Is there a way to force the coefficient of the independent variable to be a positive coefficient in the linear regression model used in R

Question

In lm(y ~ x1 + x2+ x3 +...+ xn) , not all independent variables are positive. For example, we know that x1 to x5 must have positive coefficients and x6 to x10 must have negative coefficients. However, when lm(y ~ x1 + x2+ x3 +...+ x10) is performed using R, some of x1 ~ x5 have negative coefficients and some of x6 ~ x10 have positive coefficients. is the data analysis result. I want to control this using a linear regression method, is there any good way?

Dev · Answer 1 · Mar 7, 2022

A Few Constraints

This is an example of Simpson's Paradox, which illustrates situations in which the sign of a correlation might change depending on whether or not another variable is included.

In the case of nls with algorithm = "port," upper and lower constraints can be defined.

If all coefficients should be non-negative, use nnnpls in the nnls package, which supports upper and lower 0 bounds, or nnls in the same package.

In the bvls package, type bvls (bounded value least squares) and specify the bounds.
In the CVXR package's vignette, there is an example of executing non-negative least squares.

Use the quadprog package to reformulate it as a quadratic programming problem (see Wikipedia for the formulation).

The limSolve package contains nnls. To make it a non-negative least squares issue, delete the columns that should have negative coefficients.
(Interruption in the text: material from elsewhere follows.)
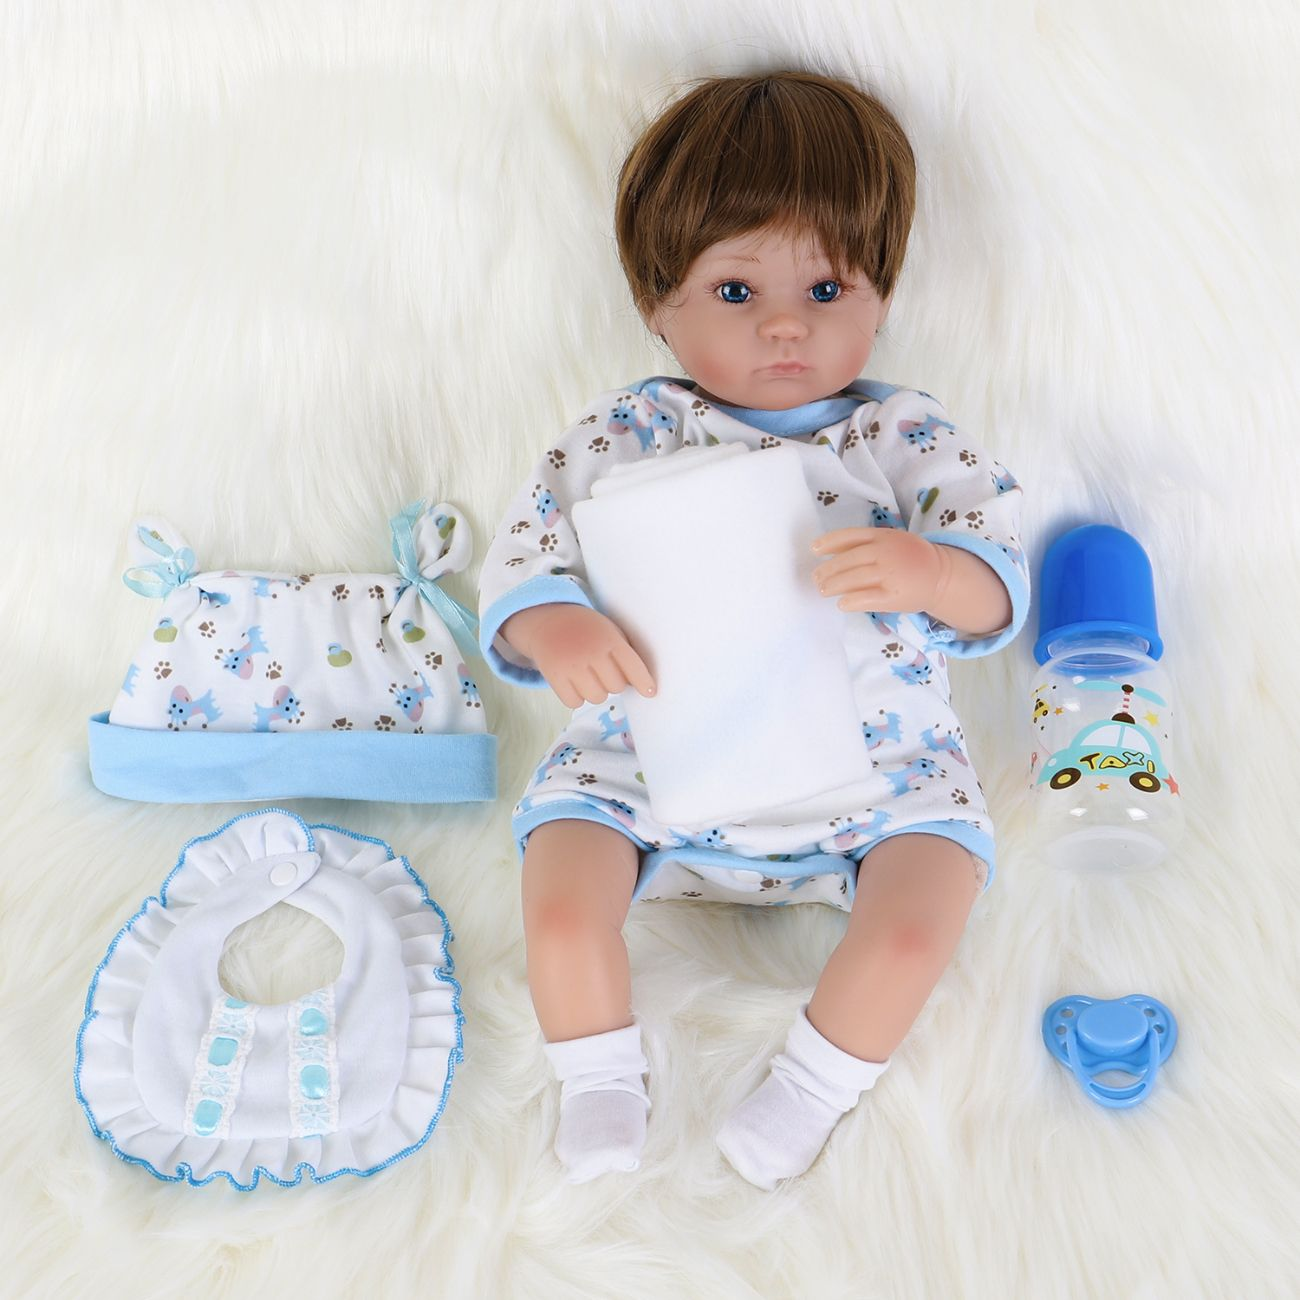 ENA Reborn Baby Boy Doll Realistic Silicone Vinyl Baby 10 inch Soft Body Lifelike Doll Gift Set for Ages 3+ 10 inch, Open Eyes Blue boy

The majority of these packages don't offer a formula interface and instead require a model matrix and dependent variable to be given as separate arguments. The model matrix can be calculated if df is a data frame containing the data and the first column is the dependent variable:

B <- model.matrix(~., df[-1])

and the dependent variable is

df[[1]]

Certain Penalties

Another option is to apply a penalty to the least squares objective function, such that it becomes the sum of the squares of the residuals plus one or more additional terms that are functions of the coefficients and tuning parameters. Despite the fact that this does not apply any strict limitations to ensure the appropriate signs, it may nevertheless result in the proper signs. This is especially helpful when the problem is poorly conditioned or there are more predictors than observations.

The ridge package's linearRidge function minimizes the sum of the squares of the residuals plus a penalty equal to lambda times the sum of squares of the coefficients. Lambda is a scalar tuning parameter that the software can determine automatically. When the lambda is zero, it reduces to least squares. The software has a formula technique, which, along with the automatic tuning, makes it quite simple to use.

glmnet introduces penalty terms with two tuning options. As special instances, least squares and ridge regression are included. It also allows for coefficient bounds. The two tuning parameters can be automatically set, although there is no formula technique and the operation is not as simple as in the ridge package. More information can be found in the vignettes that come with it.